“Aún no sabía si, a partir de entonces, me sentiría con fuerzas para cuidar de Yukiko y de las niñas. Las ilusiones no me ayudarían más. Ya no entretejerían más sueños para mí. Por más lejos que fuera, el vacío seguiría siendo el vacío. Había estado sumergido en él durante mucho tiempo. Había obligado a mi cuerpo a familiarizarse con él. “Aquí es, en definitiva, adonde he llegado”, me dije. Y tendría que acostumbrarme. Y, posiblemente, en el futuro, sería yo quien debería entretejer sueños para alguien.
Era lo que se me pedía. Qué fuerza acabarían teniendo esos sueños, no lo sabía. Pero, si quería encontrar algún sentido a mi vida presente, debería, en la medida de mis posibilidades, llevar esta obra adelante… Tal vez.
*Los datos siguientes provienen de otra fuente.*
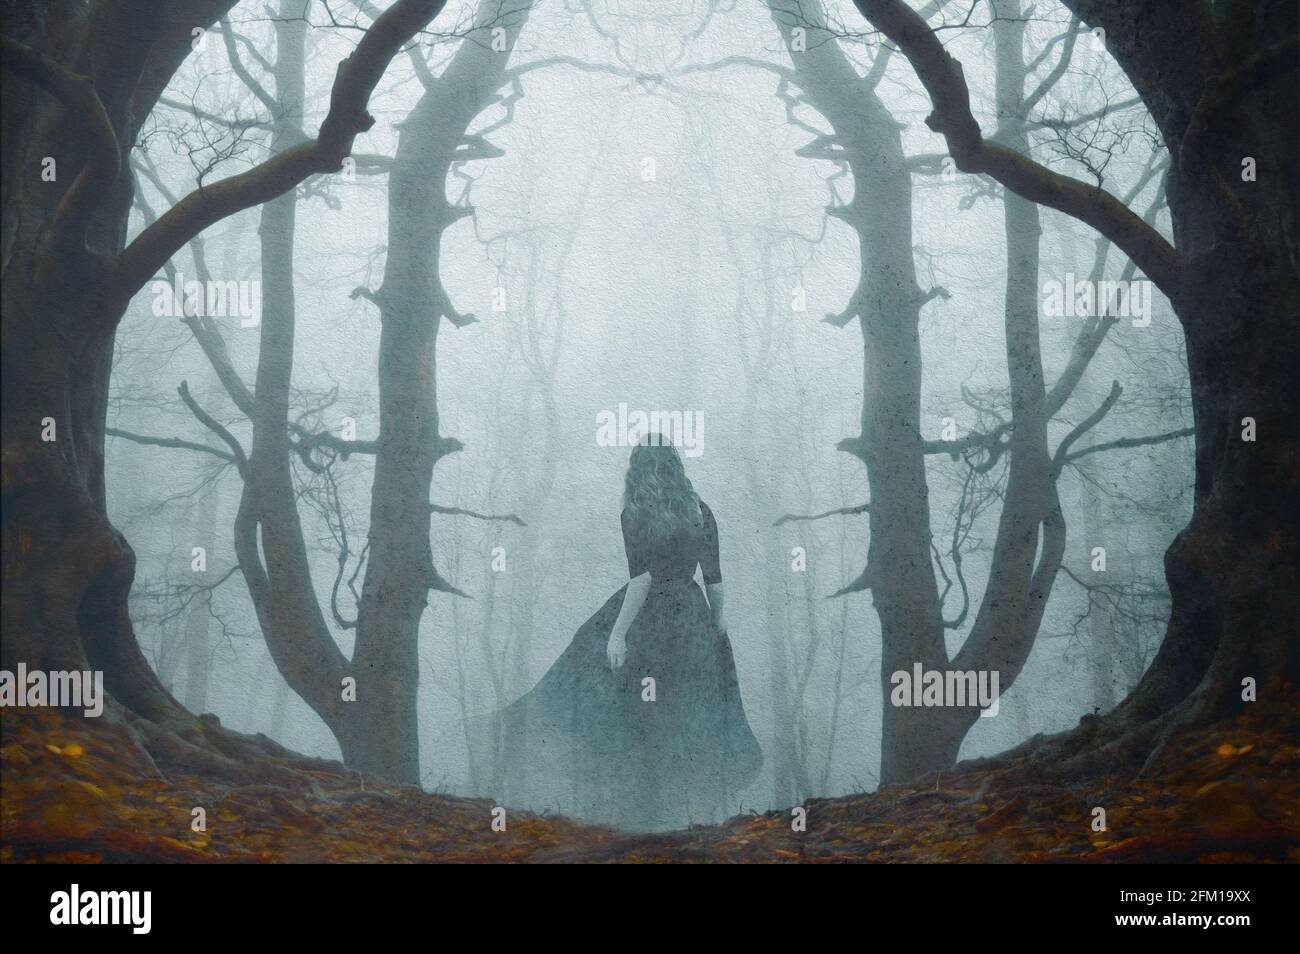 Ein übernatürliches Konzept einer geisterhaften Frau in einem langen Kleid, die im Winter durch einen gespenstischen, nebligen Wald geht. Mit einem Grunge, vintage bearbeiten. Stockfoto

Pero me fue imposible levantarme de la silla. Las fuerzas habían abandonado mi cuerpo por completo. Como si alguien se me hubiese acercado sigilosamente por la espalda y me hubiese desenchufado. Hinqué los codos en la mesa y me cubrí la cara con las palmas de las manos.
Dentro de esa oscuridad, pensé en la lluvia que caía sobre el mar. La lluvia que caía furtivamente, sin que nadie lo supiera, en un vasto mar. Las gotas de lluvia golpeaban mudas la superficie del agua, sin que ni siquiera los peces lo percibieran. Hasta que alguien se acercó y posó suavemente su mano sobre mi espalda, seguí pensando en el mar.”